Fin dai primordi della medicina si usava trattare piccoli tumori non ulcerati con il ferro incandescente (Ramajama 2000 a.C; Ippocrate 400 a.C; Galeno 200 d.C). Dopo il Rinascimento ci furono numerosi casi riportati di regressioni tumorali spontanee in pazienti con erisipela, vaiolo, tubercolosi, malaria, influenza. Un fattore comune a tutte queste malattie era la presenza per diversi giorni di febbre elevata, intorno ai 40 °C.

La prima documentata evidenza che le temperature elevate potevano avere un effetto terapeutico sui tumori è attribuita a Bush, che nel 1866 riferiva della scomparsa di un sarcoma della faccia, istologicamente documentato, dopo due attacchi di erisipela. Casi simili furono successivamente descritti da un chirurgo americano, Wiliam B. Coley (1893), il quale, alla fine del secolo scorso, trattò diversi pazienti oncologici con una tossina estratta da batteri (tossina di Coley).

Sebbene sia difficile valutare il ruolo della iperpiressia e della immunoterapia aspecifica in questo tipo di trattamento, il lavoro di Coley stimolò altre ricerche per identificare l’importanza dell’ipertermia nei tumori sperimentali degli animali e nei pazienti neoplastici.

Uno dei pionieri dell’ipertermia locale indotta dall’esterno fu un ginecologo svedese (Westermark 1898), che applicò l’ipertermia in un carcinoma avanzato della cervice uterina. Egli usò una spirale metallica, attraverso la quale veniva fatta circolare dell’acqua calda, a diretto contatto con il tumore. Con questo tipo di trattamento si ottennero dei discreti effetti palliativi. Il figlio di Westermark, Nils, pubblicò nel 1927 una tesi su «Effetti del calore sui tumori del ratto», destando l’interesse di Kristian Overgaard (1899-1976), che nel suo laboratorio di Aarhus, in Danimarca, compì numerosi studi in questo campo (l’ultimo lavoro fu pubblicato nel 1977, un anno dopo la sua morte). Queste ricerche sono condotte oggi dal figlio, Jeans Overgaard, presso l’Institute of Cancer Research di Aarhus.

Basi biologiche

L’ipertermia è di per sé citotossica. Se si osserva la frazione di crescila di cellule in coltura in funzione del tempo e della temperatura, si possono notare delle curve simili a quelle evidenziabili con le radiazioni ionizzanti, con o senza una spalla iniziale seguita da un decremento esponenziale (Dewey et al.. 1977).

Modificazioni istologiche

Immediatamente dopo il trattamento ipertermico si verificano a livello tumorale emorragia ed edema, probabilmente come conseguenza del danno vascolare precoce, consistente in stasi e aumentata permeabilità vascolare, combinato con una riduzione del volume vascolare funzionale.

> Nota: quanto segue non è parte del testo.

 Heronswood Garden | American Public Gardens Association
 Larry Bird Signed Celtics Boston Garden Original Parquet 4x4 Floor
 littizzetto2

Nell’arco di poche ore le cellule tumorali divengono isolate. Il citoplasma si raggrinza, diviene più acidofilo e i bordi cellulari diventano difficili da distinguere al microscopio ottico. l nuclei mostrano inizialmente una condensazione e granulazione della cromatina e successivamente divengono piccoli, scuri e picnotici. Tipicamente l’attività mitotica viene bloccala immediatamente dopo il trattamento ipertermico (Overgaard e Overgaard, 1976).

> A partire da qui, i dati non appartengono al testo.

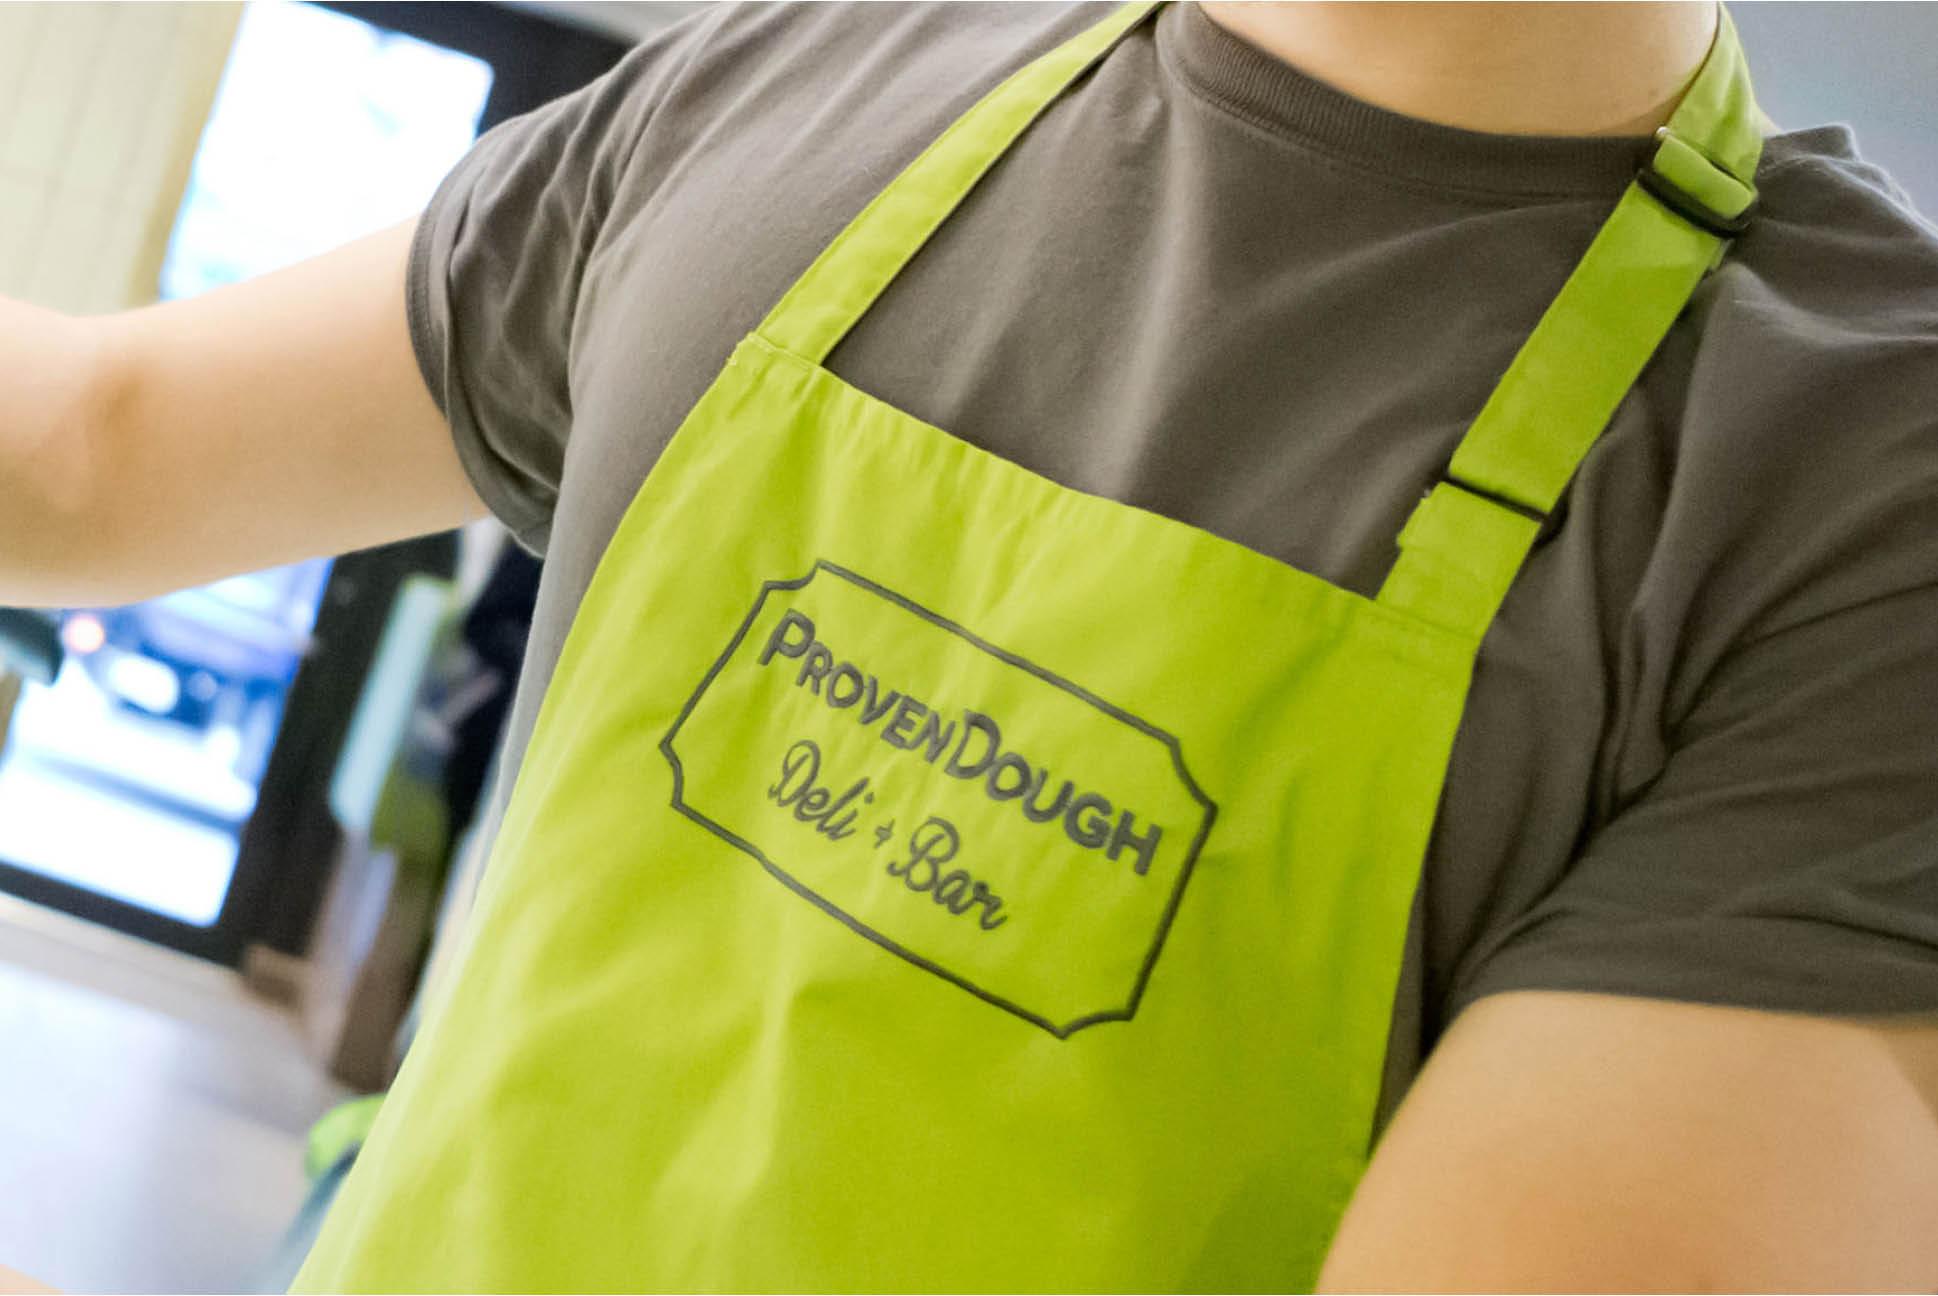 ProvenDough Uniform | Branding and Identity Design - Independent Marketing | IM London

Le modificazioni istologiche tardive sono rappresentate dalla sostituzione delle cellule tumorali distrutte da parte di fibroblasti e macrofagi, che alla fine portano alla formazione di una cicatrice fibrotica.

Ciclo cellulare

È ben noto che la risposta delle cellule alle radiazioni ionizzanti e alla chemioterapia varia con la fase del ciclo cellulare. Questo vale anche per l’ipertermia. In particolare la fase S (sintesi del DNA), ovvero la fase del ciclo cellulare più resistente all’azione dei raggi X, è la più sensibile all’azione letale dell’ipertermia (Westra e Dewey, 1971).

Modificazioni cellulari

I bersagli più importanti dell’ipertermia sono rappresentati dalla membrana cellulare e dal DNA. L’aumento della temperatura modifica la fluidità della membrana cellulare, a causa dell’alto grado di disordine delle catene fosfolipidiche. In conseguenza di ciò si verificano modificazioni di struttura delle proteine, con successiva alterazione delle attività enzimatiche e della permeabilità. Le alterazioni della membrana cellulare sono alla base dell’incremento dell’azione citotossica di molti farmaci antiblastici, anche in linee cellulari resistenti (Konings, 1988).

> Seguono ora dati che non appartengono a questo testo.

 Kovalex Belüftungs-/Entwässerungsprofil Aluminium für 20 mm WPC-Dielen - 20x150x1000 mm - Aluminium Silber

È ormai noto che l’effetto radiosensibilizzante dell’ipertermia è legato all’inibizione della riparazione del danno subletale indotto sul DNA. Kampinga et al. (1987) hanno osservato un aumento delle proteine legate al nucleo in cellule riscaldate. Ciò potrebbe essere alla base dell’effetto radiosensibilizzante del calore, poiché una ridotta accessibilità al DNA da parte degli enzimi di riparazione impedirebbe la riparazione del danno indotto dalle radiazioni.

Alcuni lavori hanno indicato una maggiore sensibilità delle cellule tumorali all’ipertermia, rispetto alle cellule sane (Giovannella et al., 1976), ma studi più recenti non dimostrano in genere una significativa differenza.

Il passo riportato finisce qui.